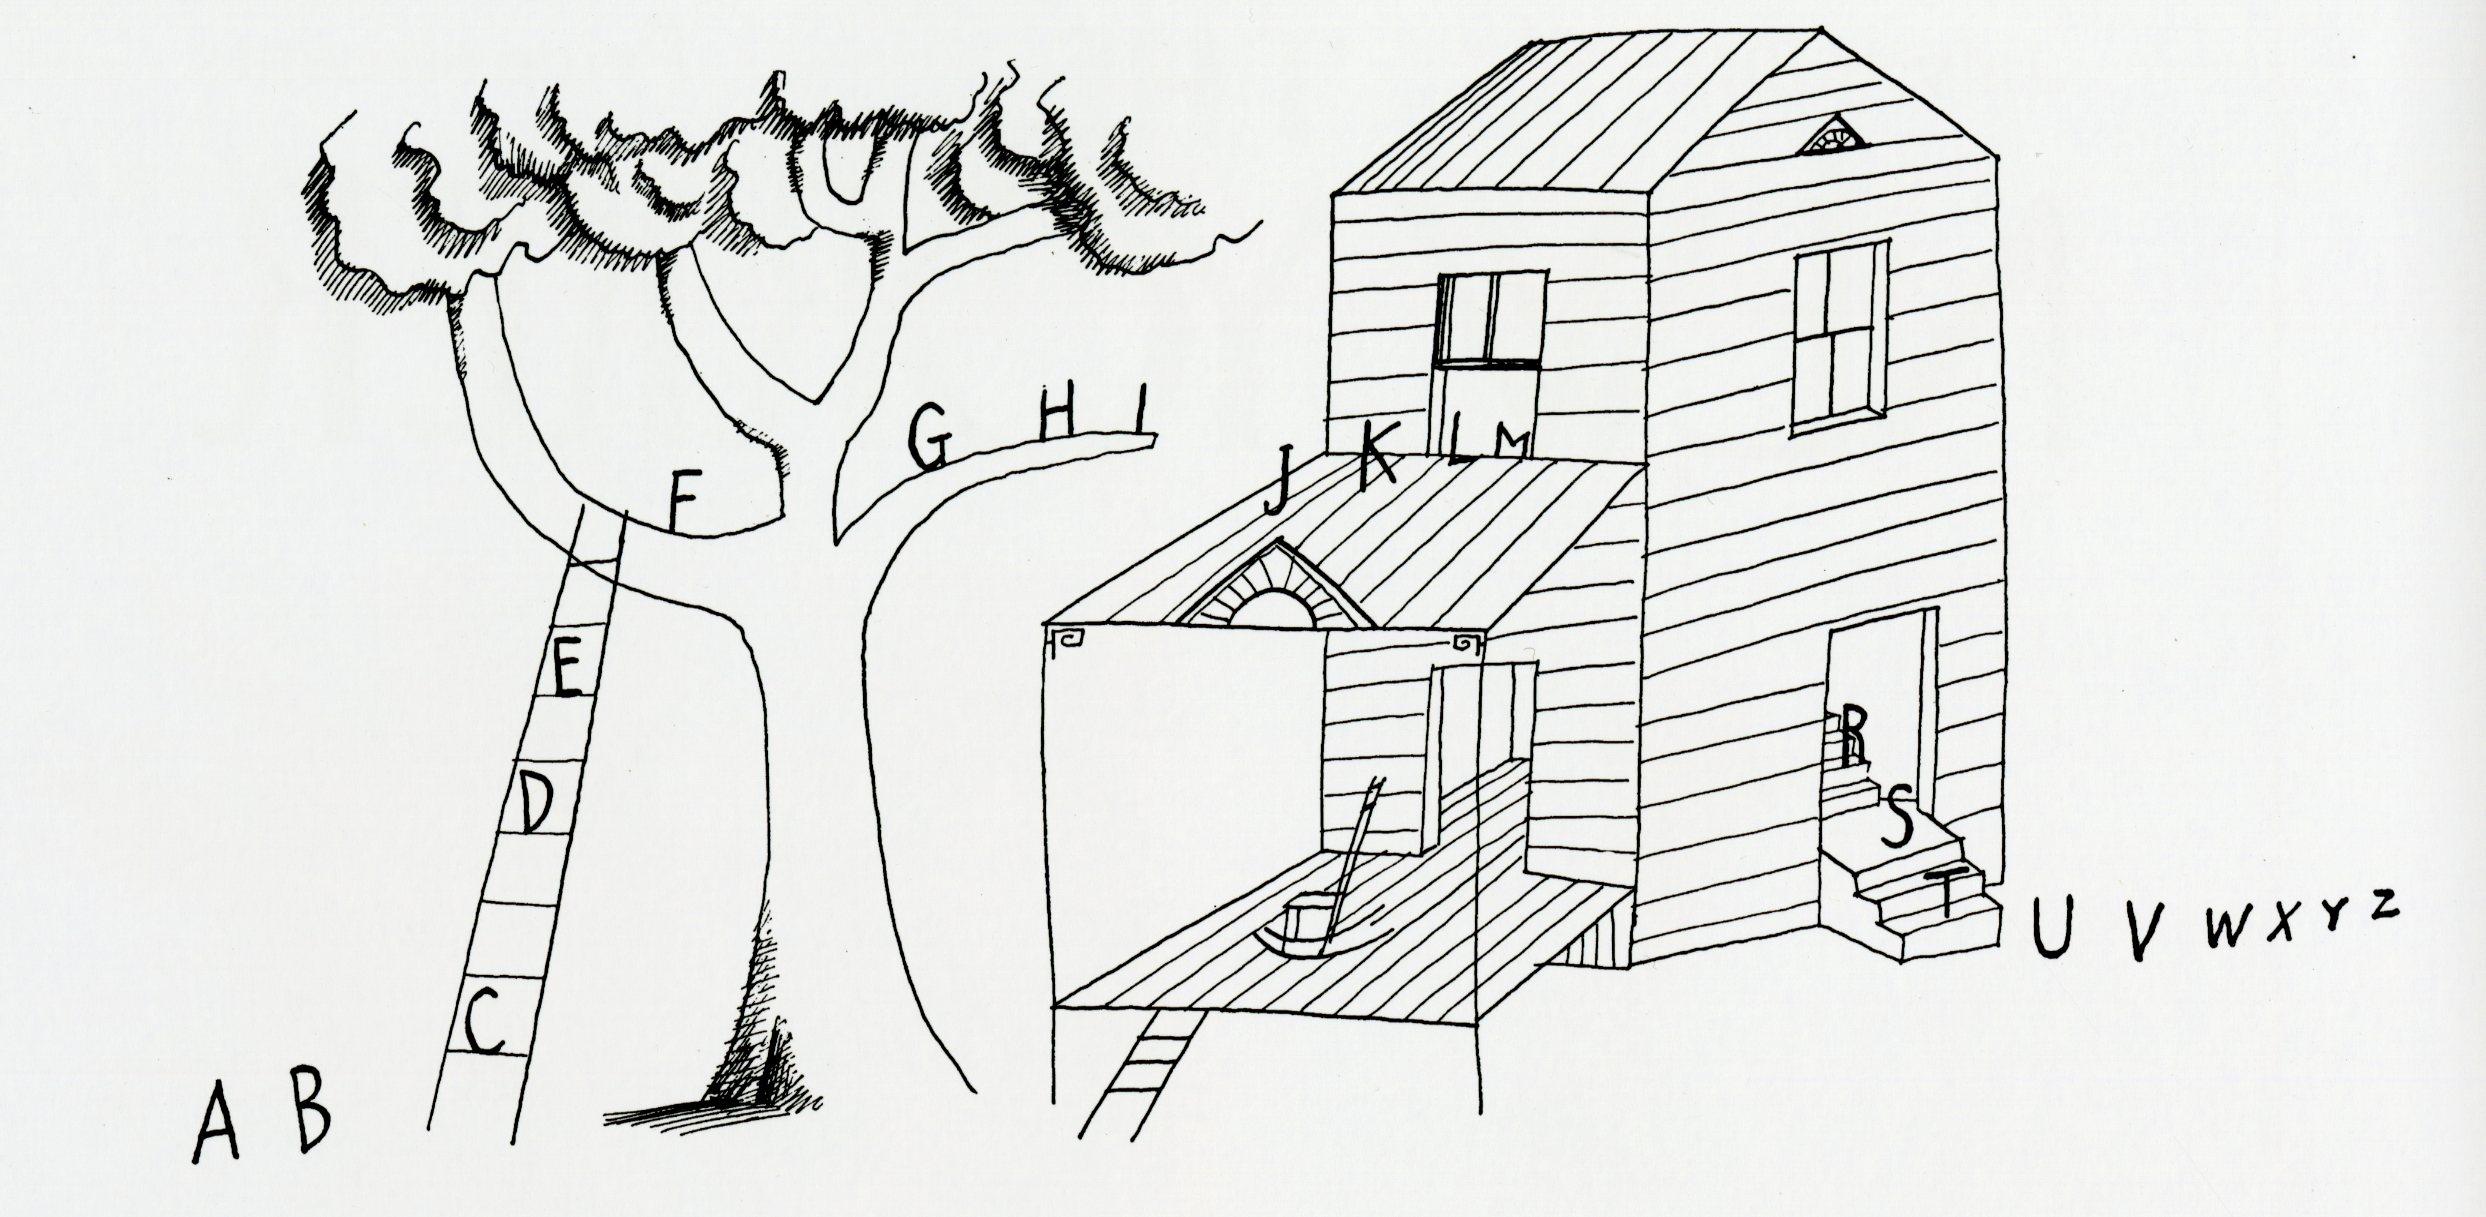 1000 images about saul steinberg palabras on pinterest. Black Bedroom Furniture Sets. Home Design Ideas
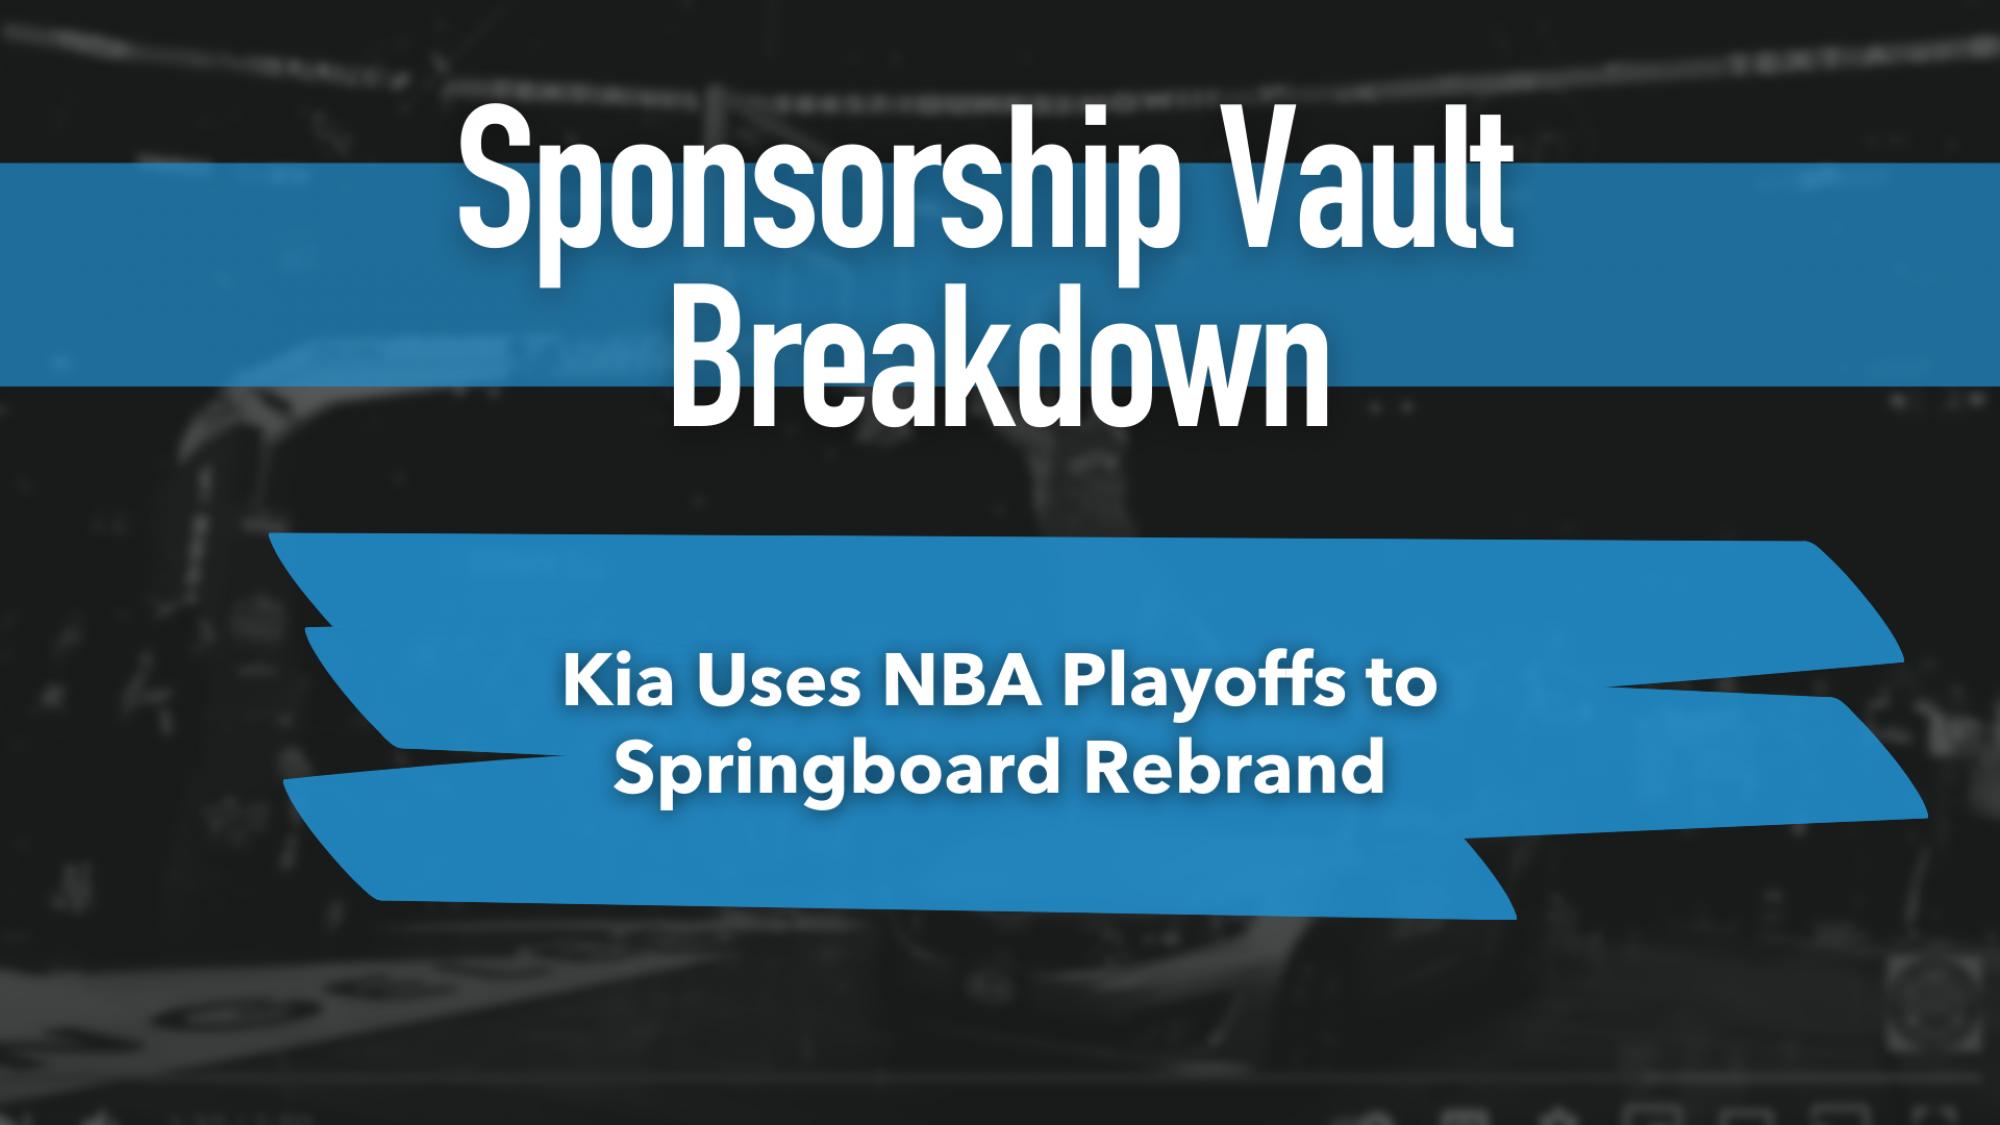 K Ia and the NBA Sponsorship 2021
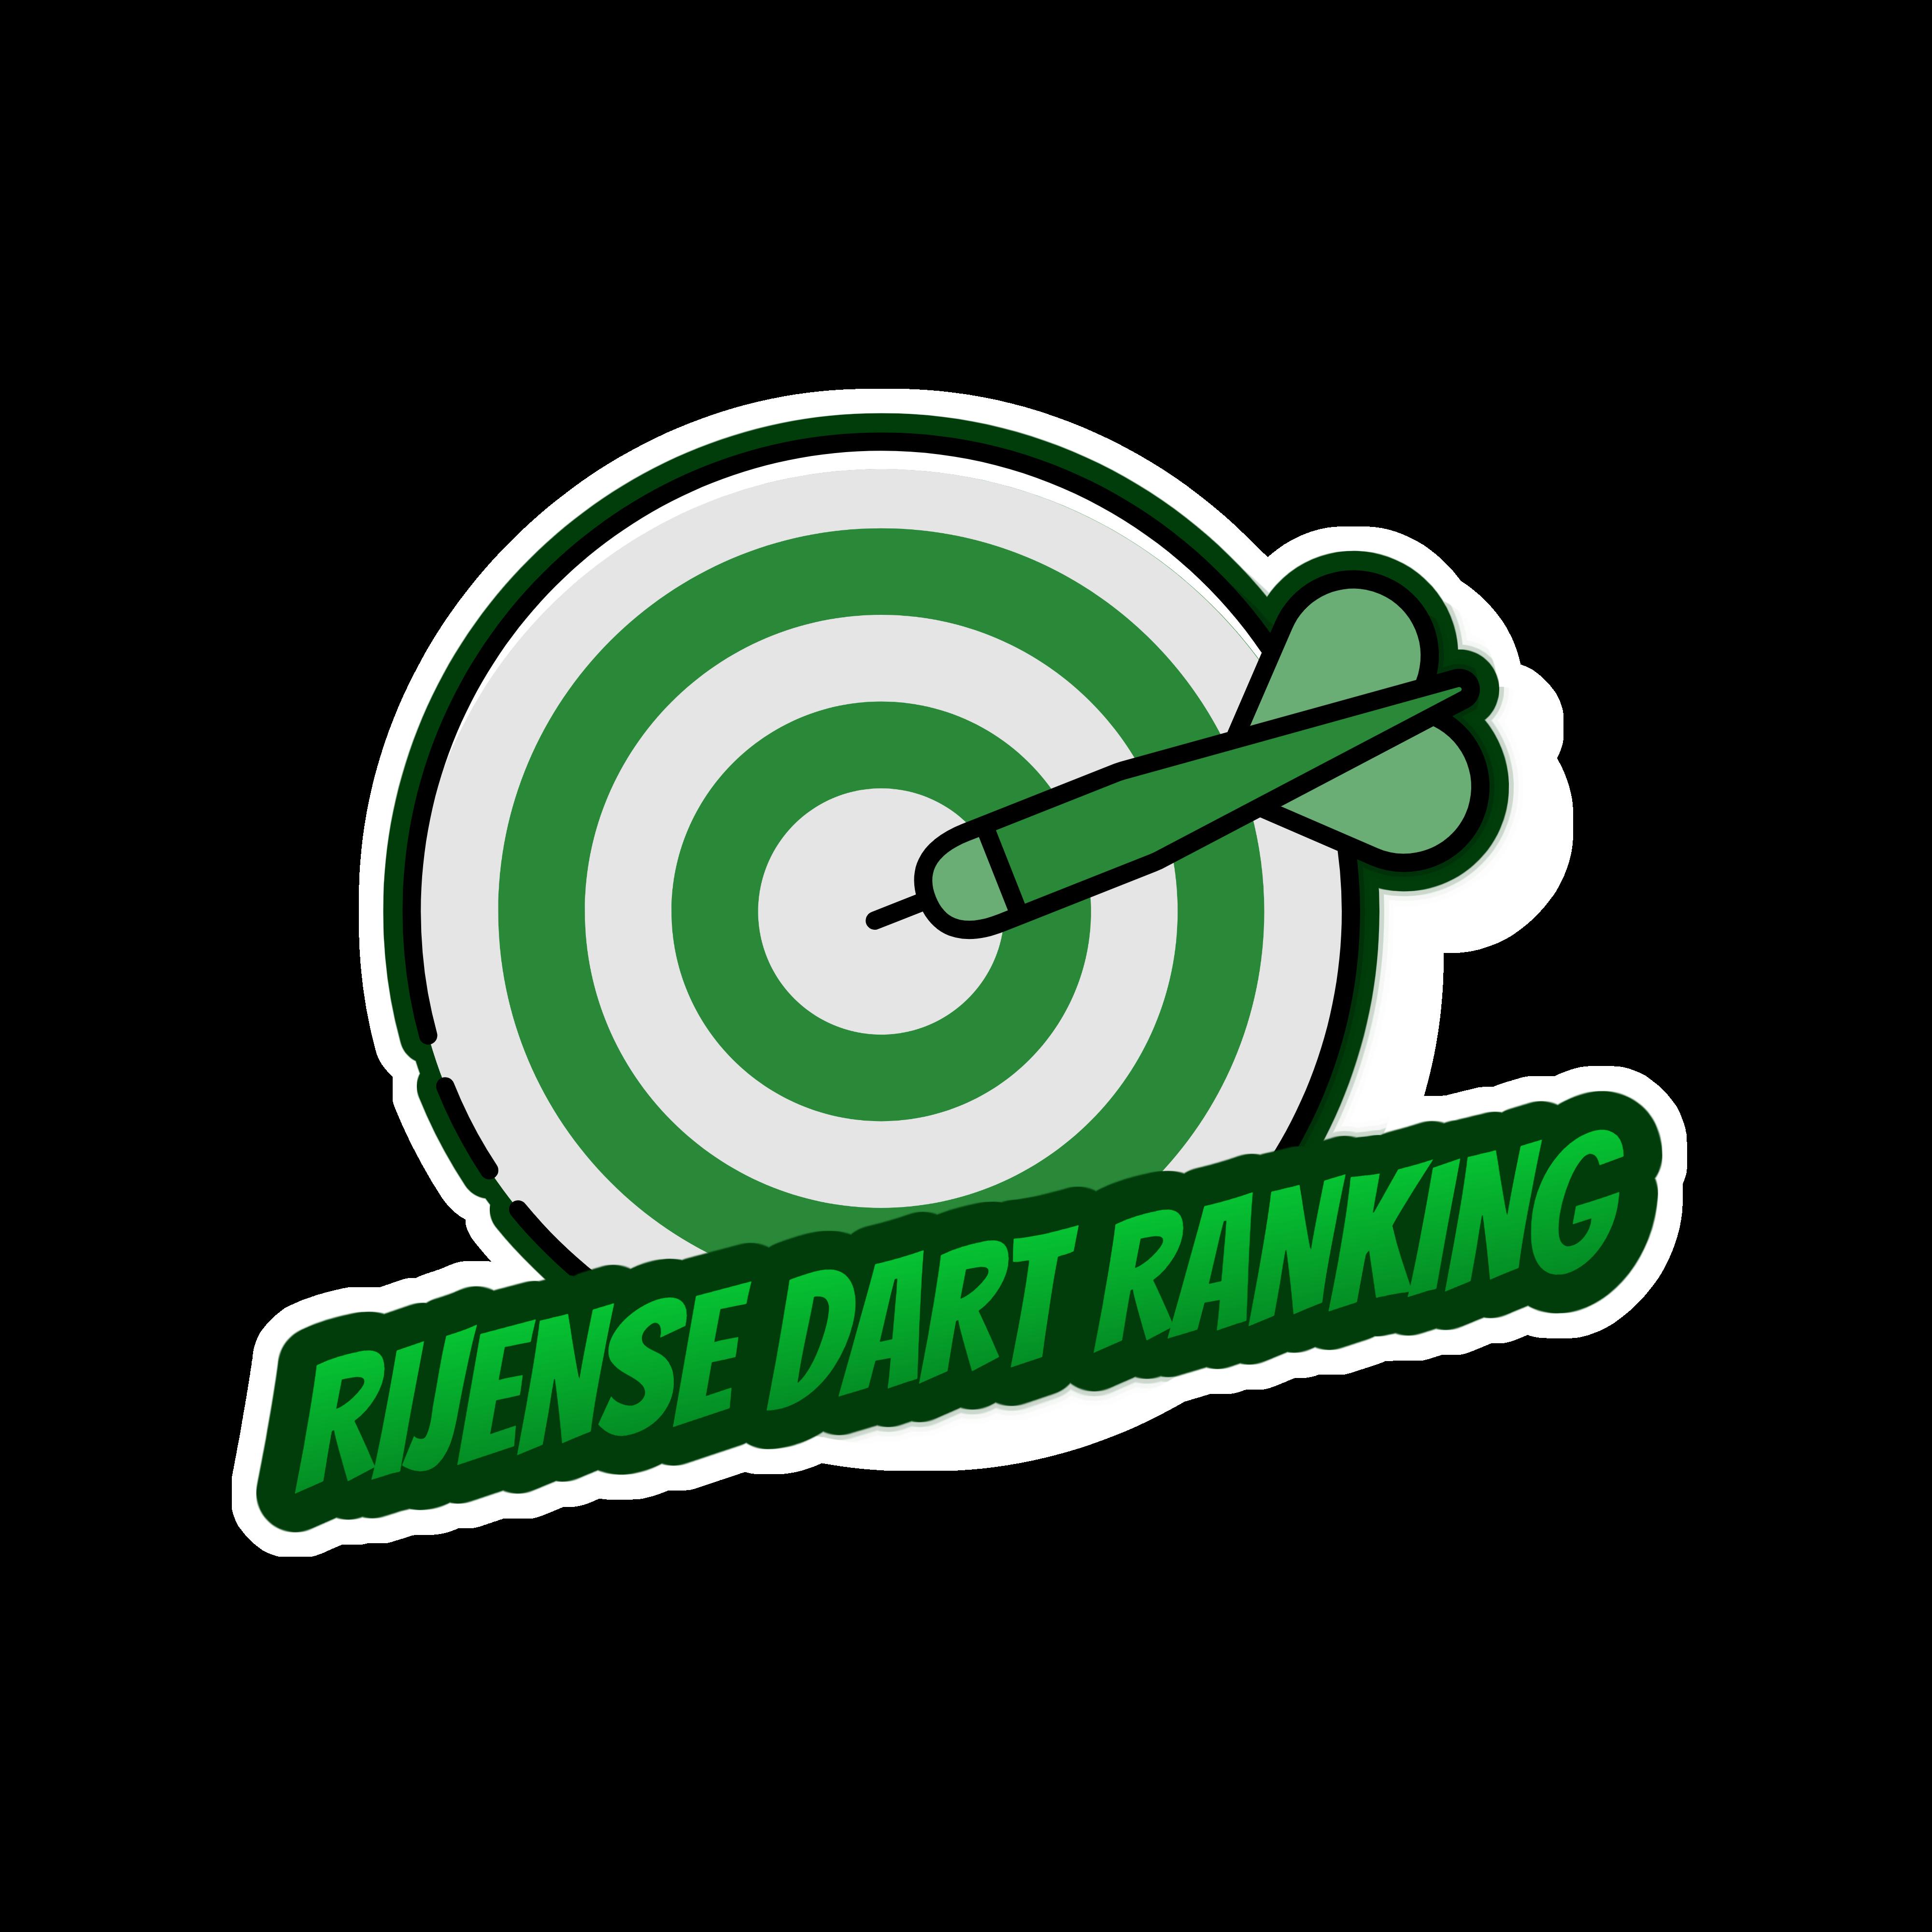 Rijense Dart Ranking
********
→ WHAT YOU WILL DO
Transcribe the listing above in full. Pictures are not part of the copy.

→ RESPONSE BELOW
 1000 images about saul steinberg palabras on pinterest. Black Bedroom Furniture Sets. Home Design Ideas
 K Ia and the NBA Sponsorship 2021
 Rijense Dart Ranking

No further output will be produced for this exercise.